An appropriate order will follow.
ORDER OF COURT
AND NOW, this 12th day of March, 1985, in accordance with the memorandum opinion filed this day, IT IS ORDERED that defendant William Emanuel Allen’s motion to revoke or amend order of detention be, and the same hereby is, denied; and,
IT IS FURTHER ORDERED that the pretrial detention order of defendant Anthony Sberna be, and the same hereby is, revoked and that the defendant Sberna be released subject to the following terms and conditions:
(1) That the defendant provide bail in the amount of $25,000 own recognizance; and,
(2) That the defendant not commit a Federal, State or local crime; and,
*874(3) That the defendant attempt to obtain lawful gainful employment; and,
(4) That the defendant not leave the jurisdiction and not appear at or frequent the area of 221 Fifth Street, Donora, Pa., otherwise known as Columbo Productions, Inc. and that he not associate with any known sellers or users of narcotics; and,
(5) That the defendant report to the United States Probation Office twice a week, on Monday and Friday, by local telephone call commencing Friday, March 15, 1985, and continuing until further order of court; and,
(6) That the defendant refrain from possessing any firearms, destructive devices, or other dangerous weapons; and,
(7) That the defendant refrain from excessive use of alcohol, or any use of a narcotic drug or other controlled substance, as defined in section 102 of the Controlled Substances Act (21 U.S.C. § 802), without prescription by a licensed medical practitioner; and,
(8) Any failure by the defendant to conform to any of the conditions of bail will result in revocation of bail and an order for his pretrial detention.

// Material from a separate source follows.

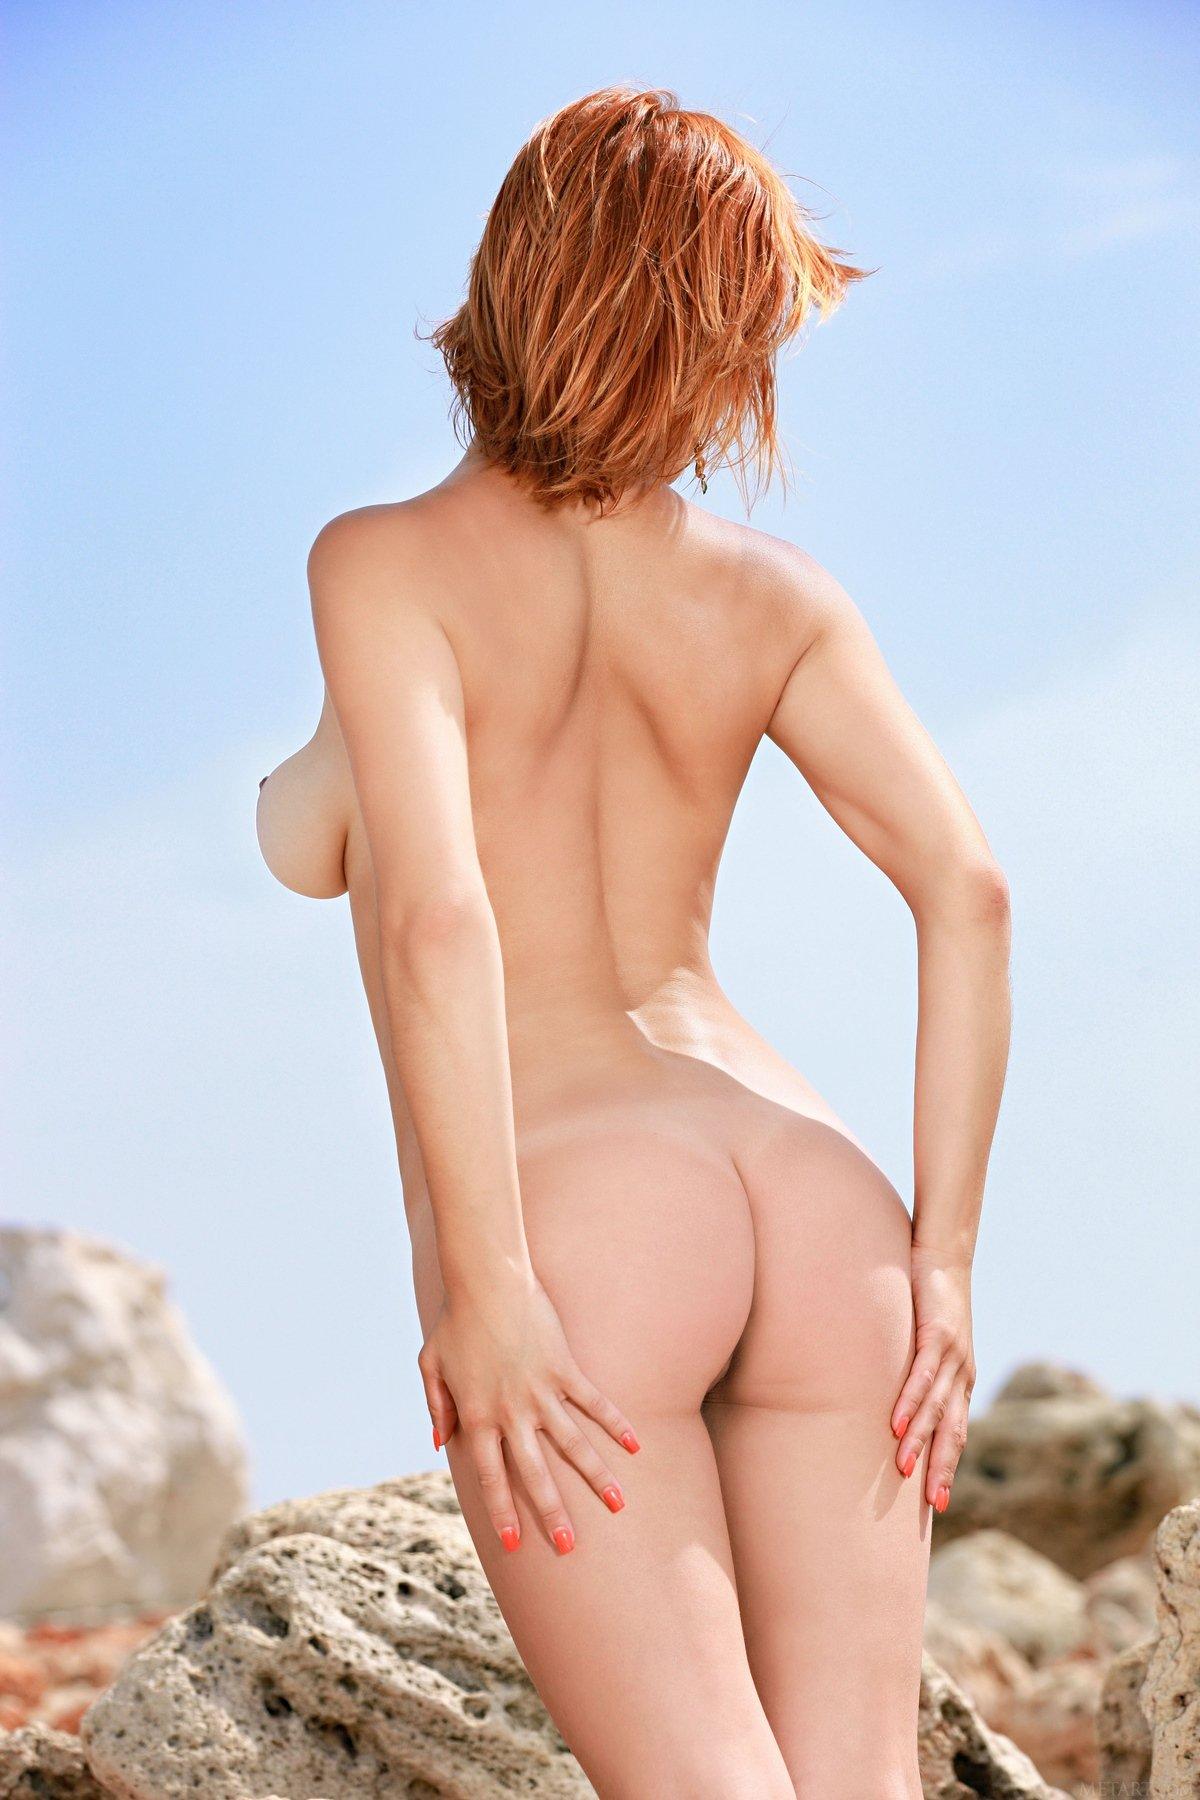 Раздетая рыжеволосая девушка ест вишни сидя на камнях секс фото

IT IS FURTHER ORDERED that the defendant is advised that if he is convicted of an offense committed while released pursuant to this order, he shall be sentenced, in addition to the sentence prescribed for that offense to the following:
a) A term .of imprisonment of not less than two (2) years and not more than ten (10) years if the offense is a felony; or,
b) A term of imprisonment of not less than ninety (90) days and not more than one (1) year of the offense is a misdemeanor.
A term of imprisonment imposed pursuant to the above provisions shall be consecutive to any other sentence of imprisonment.
IT IS FURTHER ORDERED that the defendant is advised that if the defendant violates any other conditions of his release, the defendant shall be subject to a revocation of his release, an order of detention, a prosecution for contempt of court, and the immediate issuance of a warrant for the defendant’s arrest;
IT IS FURTHER ORDERED that the defendant be brought by the United States Marshal before Magistrate Ila Jeanne Sensenich on March 13, 1985, at 1:30 P.M., who will fully advise the defendant of the matters contained in 18 U.S.C. § 3142(h)(2)(C).